I love Tintri but...
“Red Hat customers can now benefit from the only hypervisor-neutral storage platform with VM-awareness and adaptive learning capabilities to support hundreds of mixed workloads – servers, VDI, dev and test – concurrently on a single Tintri VMstore. Customers can also deploy both vSphere and Red Hat Enterprise Virtualisation on a single VMstore at the same time."
Translates to "our software is able to tell if a folder contains KVM images or VMware images, even when they use the same NFS share. This sounds about as thrilling as "I added a line into my PowerShell script to detect extensions" to the technical nerd, but that's a hell of a great bit of marketing blather.

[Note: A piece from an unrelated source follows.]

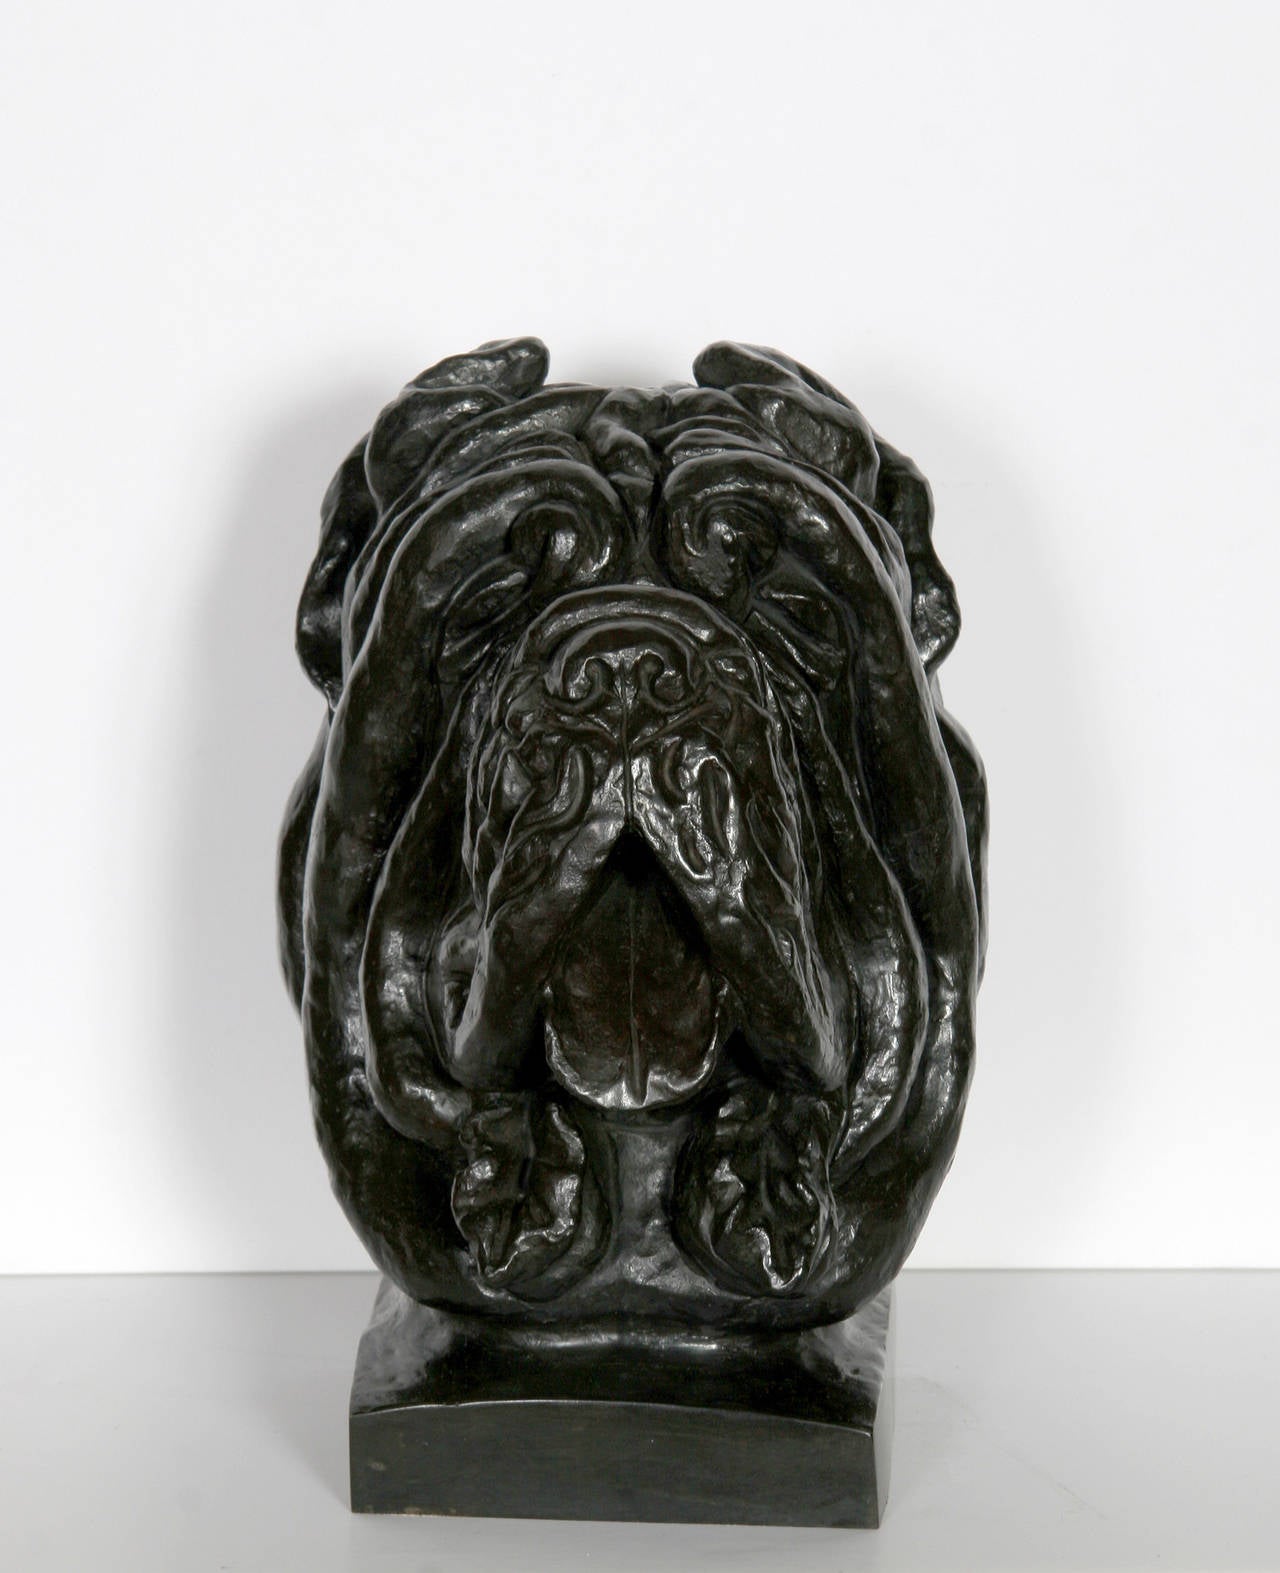 Unknown Still-Life Sculpture - Cane Corso Dog Bust, Patinated Bronze Sculpture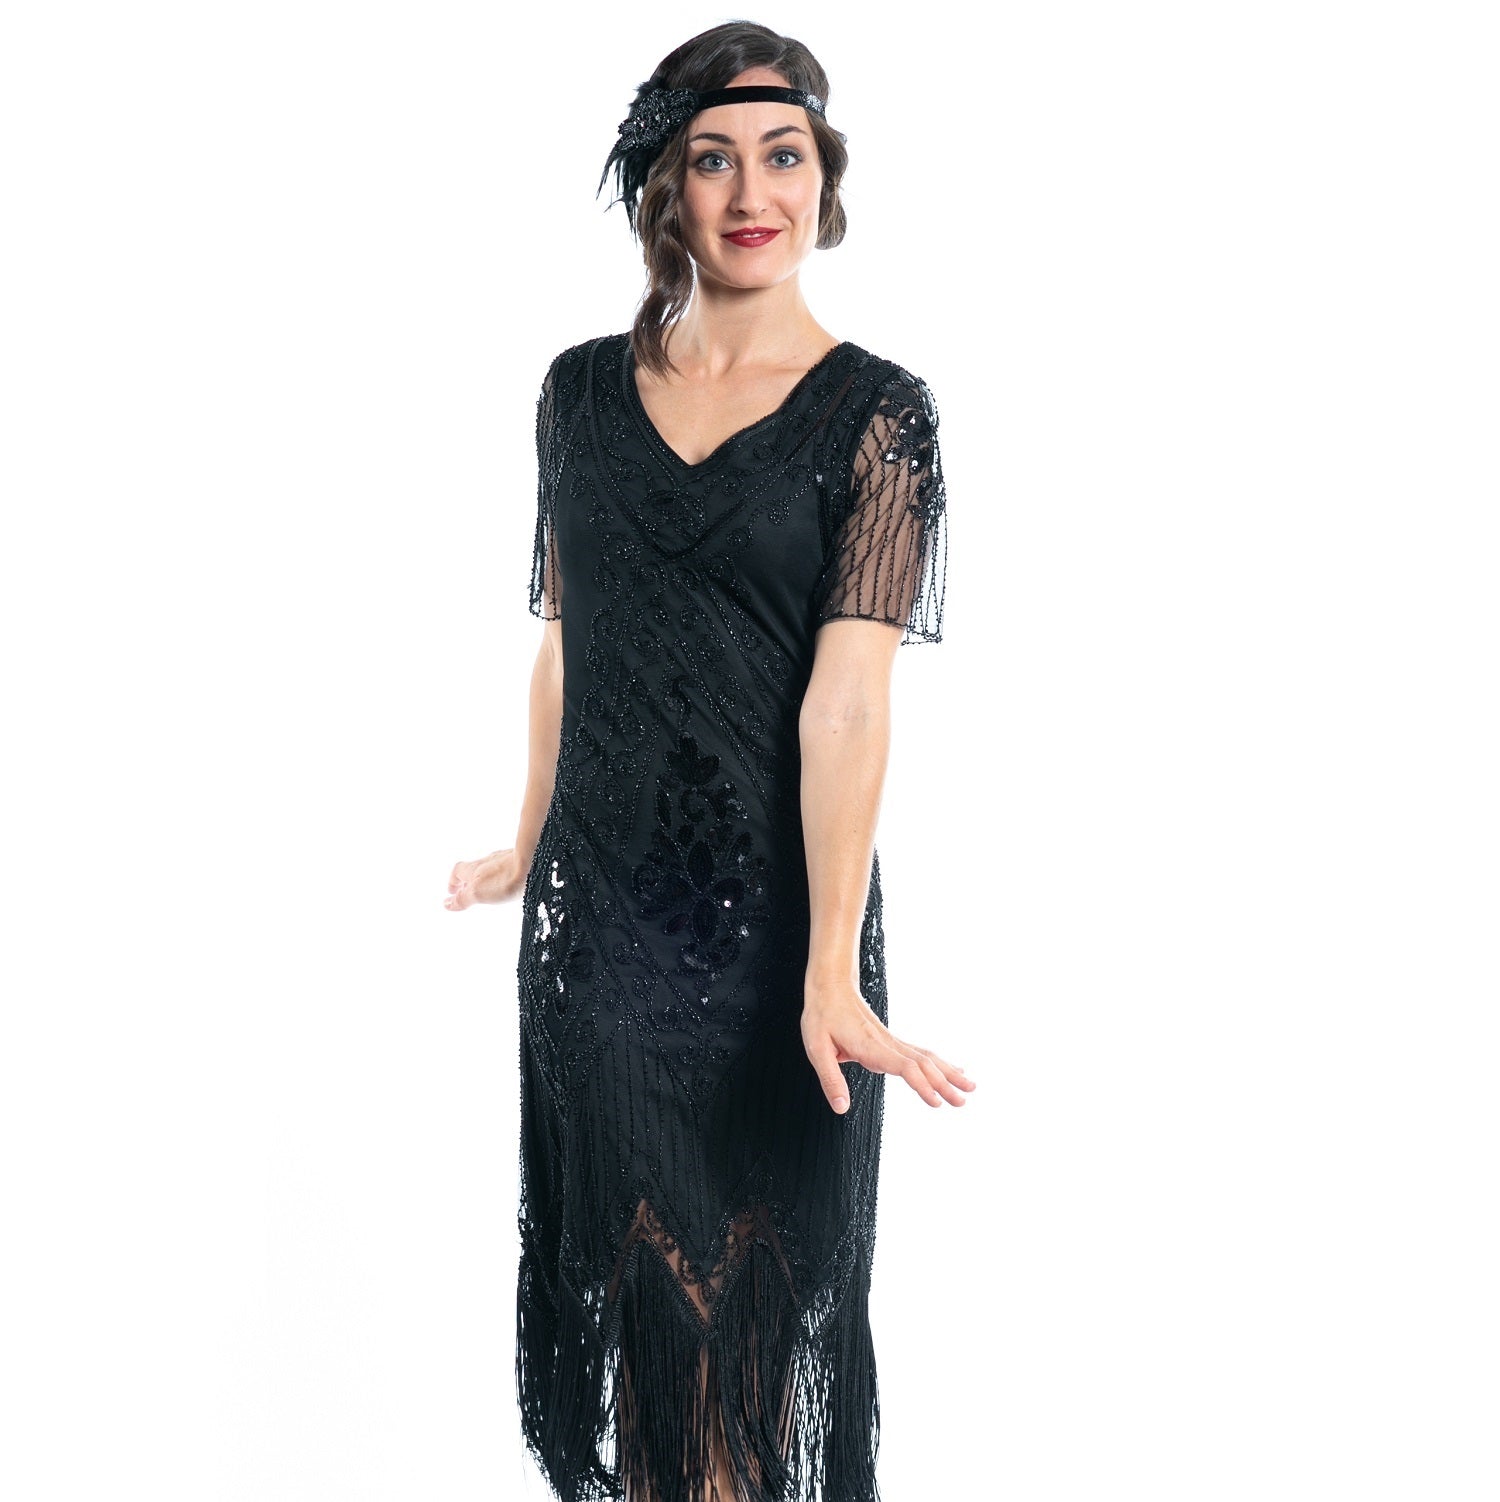 Plus Size Women's Black Flapper Dress

I mean, I could cheerfully abscond with the label of "smart cross-hypervisor storage" for my mates at Proximal Data and at least feel like I'm being a little more honest in using it. Autocache supports Hyper-V and VMware both, with the "smarts" being "it automatically resizes flash utilization to optimally fit the available flash and the workloads presented". That, and I don't have to redesign my networks to make it go faster. Add flash, install Autocache, walk away. It's a heck of a lot cheaper than the forklift upgrade of a Tintri!
Again, this isn't to say Tintri's bad. They're not. Tintri is amazing, and once you have one you'll soon have another. They have repeat customers for a reason...but I am distinctly not impressed with the marketing philosophy that turns "we can detect which hypervisor generated the virtual image when they use the same NFS share" into 54 words. No! Bad Tintri! Get down, and don't chew on the couch!
To paraphrase Storagebod, are you inexpensive and are you easy to use? Them's the bits we actually care about.